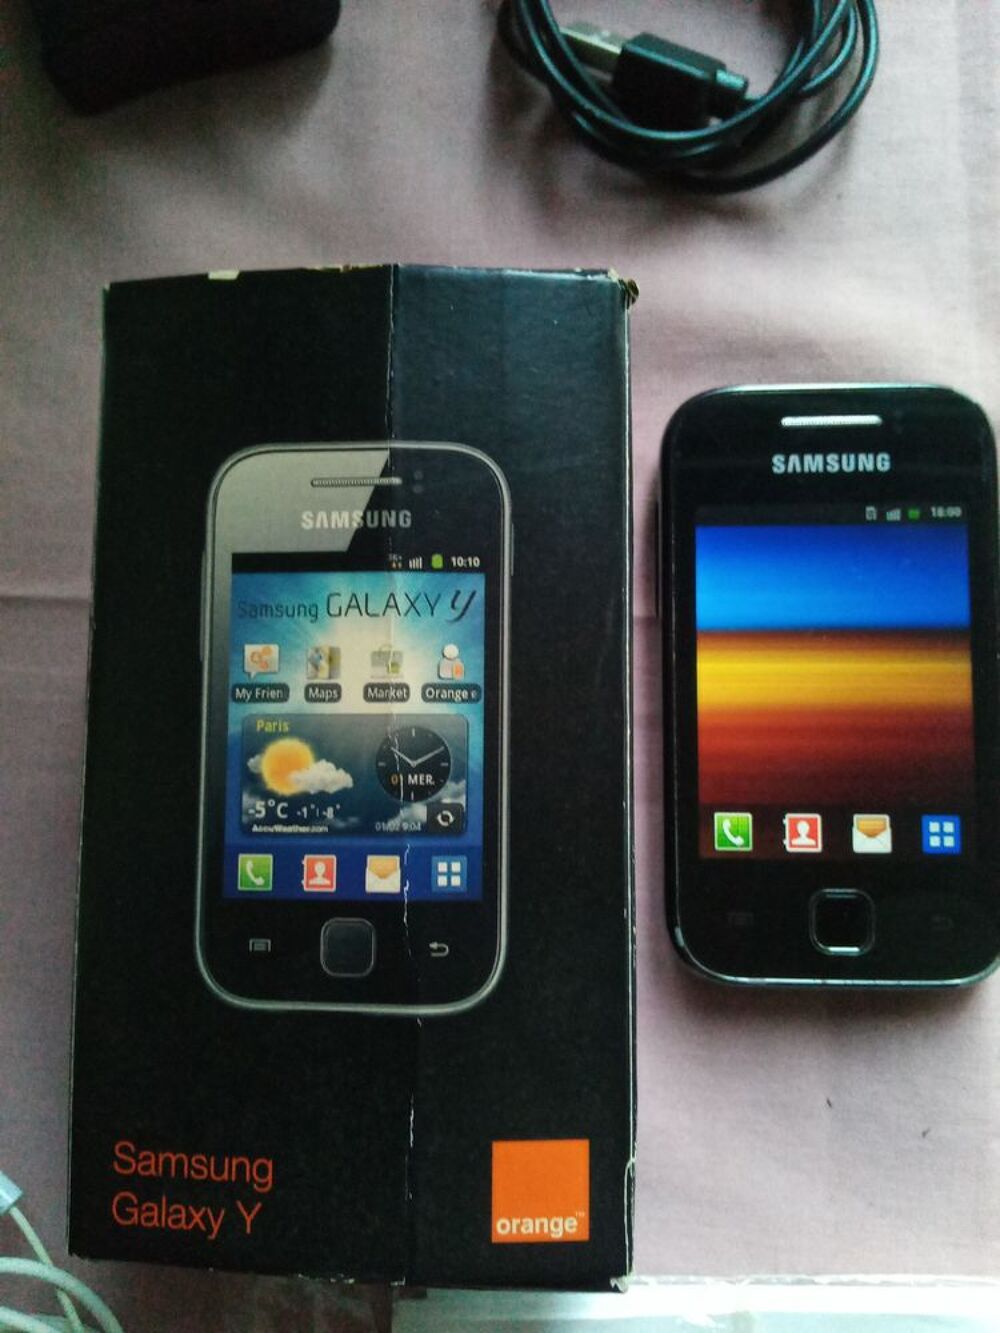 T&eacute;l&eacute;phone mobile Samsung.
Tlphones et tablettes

==

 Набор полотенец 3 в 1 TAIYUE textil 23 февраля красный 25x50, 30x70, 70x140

◆ **YOUR GOAL**
Beginning with the line that contains "T&eacute;l&eacute;phone mobile Samsung." and ending with the line that contains "Tlphones et tablettes", reproduce the listing exactly, pictures excluded.

◆ **ANSWER SECTION**
 T&eacute;l&eacute;phone mobile Samsung.
Tlphones et tablettes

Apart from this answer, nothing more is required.